House and Senate leaders say they are simply trying to sort out the complicated questions surrounding the issues put on the ballot by multimillion-dollar advocacy campaigns that had no concern for how to make the policy change work.

''A lot of things are getting on the ballot that make for great politics but very poor policy,'' said Senate President Tom Lee, a Brandon Republican. ``You get them into the legislative process, and see how these issues play out . . . and the Legislature is forced by its conscience to weigh in.''

SEVERAL ISSUES

Some examples:

•• Doctors with the Florida Medical Association pleaded with legislators in several committees to soften the impact of the amendment that gives patients the ''right to know'' about past medical mistakes involving doctors and hospitals.

They fear the measure will discourage doctors from practicing in Florida and harm their peer review process.

The bill moving through the House does lessen the amendment's impact: It limits which patients can obtain the records, barring anyone who just wants to doctor shop or check a hospital's record on something like infection control.
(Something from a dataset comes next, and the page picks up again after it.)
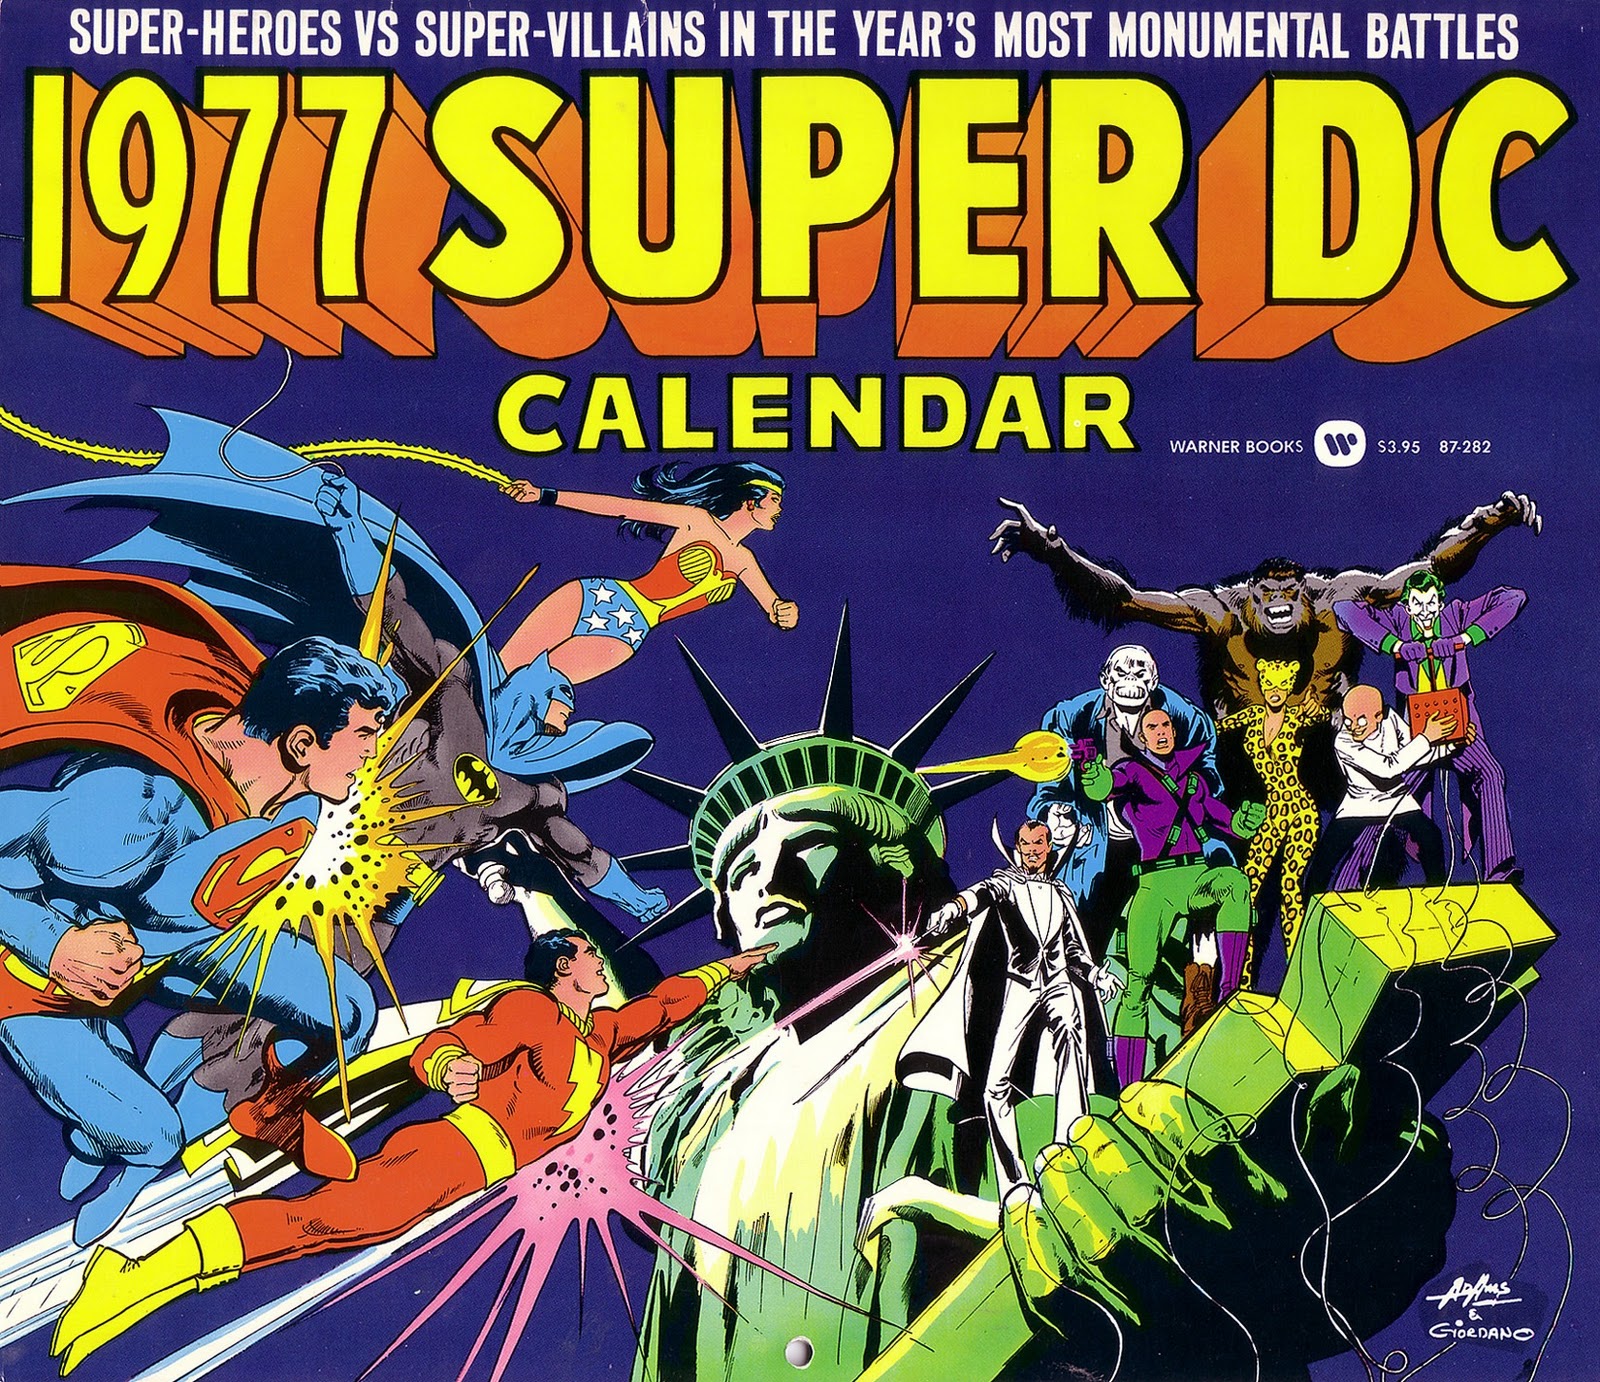 [1977_Super_DC_Calendar_-__Front_Cover[2].jpg]

•• The amendment to get tough on bad doctors, which would require the state to repeal the license of doctors found guilty of three incidents of medical malpractice, has been restricted in both the House and Senate. Rather than allow for a blanket repeal of the medical license after a judge or jury finds the doctor guilty three times, legislators want to let the doctor-controlled Board of Medicine decide which cases qualify as strikes.

•• The plan to raise the minimum wage by $1 is also complicated. Both the House and Senate have provisions that will shield employers from being sued for failing to properly implement the wage increase, and limit what employees can recover.

•• Finally, the plan to allow Broward County to have slot machines at its four parimutuel sites has come down to a fight over what qualifies as slot machines. Proponents say voters expected the traditional, Las Vegas-style, coin-dropping machines, considered Class III gaming. A House bill, however, defines them as electronic bingo machines, or Class II machines, which simply look like slot machines but generate two-thirds the revenues.

House Speaker Allan Bense, a Panama City Republican, said he doubts many voters thought through the difference when they voted for slot machines.

''We can debate whether it's a Class II or Class III machine that voters voted for. I'm not sure the voters know the difference,'' he said.

`HYPOCRITICAL'

To Daniel Smith, a University of Florida political science professor and an expert on direct democracy, this turn of events is ``incredibly hypocritical [and] at the same time somewhat consistent.''

'They're trying to tear apart the citizen initiative process as well as not listening to the citizens' voice when they do pass measures,'' he said.

The Florida Legislature's track record has been to ignore many citizen-backed amendments, Smith said, because ``it's taking away their power.''

For example, legislators have not found new money to pay for class-size caps. They passed a plan to offer pre-kindergarten classes to all 4-year-olds, but scaled the program down as narrowly as possible.

They refused to pay for a high-speed rail system, until they persuaded voters to repeal it.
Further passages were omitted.